To read the National Geographic article on the addition of funga to their definition of wildlife—the first cover story on fungi in the magazine’s 130-year history—visit https://www.nationalgeographic.com/science/article/kingdom-funga-fungi
To watch a short film on flora, funga, and fauna featuring Furci, visit https://www.youtube.com/watch?v=2DsnWcWeyoI
Merlin Sheldrake’s book Entangled Life is an excellent starting point to begin learning about the fascinating world of fungi. The iNaturalist and Mushroom Observer apps allow you to document mushroom observations from your front lawn, pasture, or anywhere you might visit, and have peers and trained scientists help identify what you’ve found.
Edible and medicinal mushroom kits like oyster mushrooms or lion’s mane are available online and are great for teaching youngsters about the life cycles of mushrooms. Educators can find resources on teaching children and youth about fungi at https://fungieducation.thinkific.com/ Kids and adults alike will enjoy taking spore prints, a simple project that involves placing a mushroom cap with the gills down on a piece of paper and placing a cup or bowl over the cap overnight, creating just enough condensation to prompt the spores to release and fall on the paper. The colour of these spore prints can be used to help identify mushrooms, although amateurs are always advised to err far on the side of caution when trying to identify edible mushrooms.
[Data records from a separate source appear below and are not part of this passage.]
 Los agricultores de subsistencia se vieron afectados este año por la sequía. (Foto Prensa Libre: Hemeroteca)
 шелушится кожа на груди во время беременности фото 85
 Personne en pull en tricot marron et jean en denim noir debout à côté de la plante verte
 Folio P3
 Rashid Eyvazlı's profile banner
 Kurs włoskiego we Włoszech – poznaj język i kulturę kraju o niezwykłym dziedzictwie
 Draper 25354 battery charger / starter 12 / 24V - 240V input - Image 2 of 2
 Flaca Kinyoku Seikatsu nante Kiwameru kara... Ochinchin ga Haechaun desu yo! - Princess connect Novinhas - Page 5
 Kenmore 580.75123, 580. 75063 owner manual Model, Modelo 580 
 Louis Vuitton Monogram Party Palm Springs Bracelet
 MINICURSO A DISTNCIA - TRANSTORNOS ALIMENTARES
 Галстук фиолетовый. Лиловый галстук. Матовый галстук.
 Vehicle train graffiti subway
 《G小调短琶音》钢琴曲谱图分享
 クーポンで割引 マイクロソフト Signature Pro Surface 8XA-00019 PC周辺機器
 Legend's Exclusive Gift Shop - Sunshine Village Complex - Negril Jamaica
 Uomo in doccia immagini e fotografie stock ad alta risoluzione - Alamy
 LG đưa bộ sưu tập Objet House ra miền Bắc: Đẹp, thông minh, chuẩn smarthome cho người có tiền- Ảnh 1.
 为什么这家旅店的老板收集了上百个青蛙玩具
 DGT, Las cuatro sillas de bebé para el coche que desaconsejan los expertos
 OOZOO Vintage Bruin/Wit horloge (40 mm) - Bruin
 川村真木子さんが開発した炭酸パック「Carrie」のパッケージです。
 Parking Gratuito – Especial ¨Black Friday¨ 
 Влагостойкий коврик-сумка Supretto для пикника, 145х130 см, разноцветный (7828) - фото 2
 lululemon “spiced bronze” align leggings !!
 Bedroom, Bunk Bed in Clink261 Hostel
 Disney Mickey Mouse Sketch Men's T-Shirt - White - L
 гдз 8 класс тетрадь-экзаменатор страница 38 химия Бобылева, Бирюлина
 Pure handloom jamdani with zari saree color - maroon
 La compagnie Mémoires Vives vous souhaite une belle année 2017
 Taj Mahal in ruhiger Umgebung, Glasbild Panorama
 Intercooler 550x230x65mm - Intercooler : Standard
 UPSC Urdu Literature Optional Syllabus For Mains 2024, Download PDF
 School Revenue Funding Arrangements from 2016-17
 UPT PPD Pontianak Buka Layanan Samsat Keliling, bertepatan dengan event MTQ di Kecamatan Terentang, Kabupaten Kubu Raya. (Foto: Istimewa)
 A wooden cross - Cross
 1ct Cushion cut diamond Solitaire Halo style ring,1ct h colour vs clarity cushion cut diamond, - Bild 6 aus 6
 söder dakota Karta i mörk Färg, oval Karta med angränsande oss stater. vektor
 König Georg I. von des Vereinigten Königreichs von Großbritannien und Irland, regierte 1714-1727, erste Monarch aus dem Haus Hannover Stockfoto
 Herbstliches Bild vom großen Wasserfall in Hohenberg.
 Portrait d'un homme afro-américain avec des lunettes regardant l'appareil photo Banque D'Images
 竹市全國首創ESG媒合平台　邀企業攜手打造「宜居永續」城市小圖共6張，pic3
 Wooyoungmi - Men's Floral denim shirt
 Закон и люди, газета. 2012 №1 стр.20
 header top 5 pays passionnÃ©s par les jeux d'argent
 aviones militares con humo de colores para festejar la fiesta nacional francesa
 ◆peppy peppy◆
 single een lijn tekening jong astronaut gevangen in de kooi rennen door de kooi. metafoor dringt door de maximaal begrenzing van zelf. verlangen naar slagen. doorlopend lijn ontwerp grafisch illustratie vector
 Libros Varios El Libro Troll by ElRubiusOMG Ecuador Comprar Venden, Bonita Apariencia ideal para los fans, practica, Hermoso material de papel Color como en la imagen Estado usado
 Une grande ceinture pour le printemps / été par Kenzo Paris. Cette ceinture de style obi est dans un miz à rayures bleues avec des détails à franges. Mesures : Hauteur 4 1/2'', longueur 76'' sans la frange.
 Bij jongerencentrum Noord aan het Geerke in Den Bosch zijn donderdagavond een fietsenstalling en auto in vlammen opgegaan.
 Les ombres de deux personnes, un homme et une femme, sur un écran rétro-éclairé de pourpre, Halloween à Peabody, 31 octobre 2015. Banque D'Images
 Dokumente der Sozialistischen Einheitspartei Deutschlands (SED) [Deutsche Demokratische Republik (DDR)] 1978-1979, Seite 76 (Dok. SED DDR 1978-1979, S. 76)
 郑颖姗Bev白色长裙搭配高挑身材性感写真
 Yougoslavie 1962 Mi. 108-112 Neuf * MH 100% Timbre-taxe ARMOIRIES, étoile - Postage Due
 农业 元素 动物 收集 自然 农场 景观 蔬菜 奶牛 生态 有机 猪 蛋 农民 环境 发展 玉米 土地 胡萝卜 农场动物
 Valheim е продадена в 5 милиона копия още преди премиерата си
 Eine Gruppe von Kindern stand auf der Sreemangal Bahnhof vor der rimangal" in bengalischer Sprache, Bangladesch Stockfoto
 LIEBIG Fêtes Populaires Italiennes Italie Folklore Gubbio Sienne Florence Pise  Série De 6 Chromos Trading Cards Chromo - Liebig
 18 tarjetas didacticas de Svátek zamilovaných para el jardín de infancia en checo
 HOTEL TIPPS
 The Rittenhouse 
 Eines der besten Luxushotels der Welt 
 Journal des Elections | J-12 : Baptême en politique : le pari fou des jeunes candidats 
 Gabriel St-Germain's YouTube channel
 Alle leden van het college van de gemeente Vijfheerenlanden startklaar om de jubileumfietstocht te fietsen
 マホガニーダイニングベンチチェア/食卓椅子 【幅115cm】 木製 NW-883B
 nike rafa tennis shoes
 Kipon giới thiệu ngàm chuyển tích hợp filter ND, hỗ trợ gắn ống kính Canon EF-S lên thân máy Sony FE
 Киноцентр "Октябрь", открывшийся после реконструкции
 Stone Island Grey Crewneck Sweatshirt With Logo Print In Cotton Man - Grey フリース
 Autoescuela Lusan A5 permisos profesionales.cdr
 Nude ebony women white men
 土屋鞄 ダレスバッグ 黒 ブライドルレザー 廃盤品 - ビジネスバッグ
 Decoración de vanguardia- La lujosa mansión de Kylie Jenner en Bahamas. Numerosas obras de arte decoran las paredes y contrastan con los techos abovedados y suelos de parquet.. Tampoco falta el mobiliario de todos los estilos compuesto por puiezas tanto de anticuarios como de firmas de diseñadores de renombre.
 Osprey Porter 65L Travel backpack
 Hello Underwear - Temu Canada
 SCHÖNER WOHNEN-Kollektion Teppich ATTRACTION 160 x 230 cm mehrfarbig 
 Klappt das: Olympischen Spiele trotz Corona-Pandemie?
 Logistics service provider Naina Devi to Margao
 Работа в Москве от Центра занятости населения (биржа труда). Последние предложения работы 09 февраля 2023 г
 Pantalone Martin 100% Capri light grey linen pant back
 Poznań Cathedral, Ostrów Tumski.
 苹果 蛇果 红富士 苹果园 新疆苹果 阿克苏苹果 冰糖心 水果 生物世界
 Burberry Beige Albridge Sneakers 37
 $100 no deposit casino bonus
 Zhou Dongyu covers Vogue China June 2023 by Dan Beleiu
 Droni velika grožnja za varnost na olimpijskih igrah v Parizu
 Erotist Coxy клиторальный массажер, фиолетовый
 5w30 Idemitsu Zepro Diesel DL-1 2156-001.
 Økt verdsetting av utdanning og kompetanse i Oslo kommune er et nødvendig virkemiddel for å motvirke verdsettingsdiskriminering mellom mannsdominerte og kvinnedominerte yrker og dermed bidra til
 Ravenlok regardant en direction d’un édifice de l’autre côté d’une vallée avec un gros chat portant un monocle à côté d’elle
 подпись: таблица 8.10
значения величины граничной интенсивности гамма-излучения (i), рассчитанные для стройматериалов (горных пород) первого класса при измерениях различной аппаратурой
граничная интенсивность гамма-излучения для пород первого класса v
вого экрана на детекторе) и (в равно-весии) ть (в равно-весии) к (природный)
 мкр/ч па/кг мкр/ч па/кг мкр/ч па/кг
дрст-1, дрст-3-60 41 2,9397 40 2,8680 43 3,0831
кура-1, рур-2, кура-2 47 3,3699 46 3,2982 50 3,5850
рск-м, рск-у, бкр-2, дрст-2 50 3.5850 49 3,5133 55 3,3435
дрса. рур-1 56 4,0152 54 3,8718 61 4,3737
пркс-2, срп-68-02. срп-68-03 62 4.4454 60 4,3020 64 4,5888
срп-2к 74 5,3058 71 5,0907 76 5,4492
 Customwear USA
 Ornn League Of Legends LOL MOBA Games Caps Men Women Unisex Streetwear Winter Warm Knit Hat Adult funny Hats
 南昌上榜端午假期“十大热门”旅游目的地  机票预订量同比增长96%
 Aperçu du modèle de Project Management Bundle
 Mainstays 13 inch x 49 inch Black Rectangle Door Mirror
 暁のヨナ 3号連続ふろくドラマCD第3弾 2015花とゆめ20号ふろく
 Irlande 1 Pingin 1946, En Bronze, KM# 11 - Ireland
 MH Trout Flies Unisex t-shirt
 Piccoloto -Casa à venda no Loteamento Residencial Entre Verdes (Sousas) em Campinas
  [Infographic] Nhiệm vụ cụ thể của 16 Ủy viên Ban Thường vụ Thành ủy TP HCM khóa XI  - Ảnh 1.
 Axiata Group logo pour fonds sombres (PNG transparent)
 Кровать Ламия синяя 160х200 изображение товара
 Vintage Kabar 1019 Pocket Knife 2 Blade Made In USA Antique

Before consuming mushrooms picked in the wild, be sure to first check with an expert, as many edible mushrooms have deadly look-alikes. Joining the Alberta Mycological Society (https://www.albertamushrooms.ca/) is a great way to meet other mycophiles and participate in identification events called forays with experienced mycologists. From the Wild will be offering a foraging tour in Vermilion on June 3 for a cost of $75 per person (https://www.fromthewild.ca/product-page/foraging-tour).
Finally, a visit to our beautiful provincial park after a rainfall is an amazing place to sit down, take a deep breath, and have a slow look around for what fungi might be growing alongside you.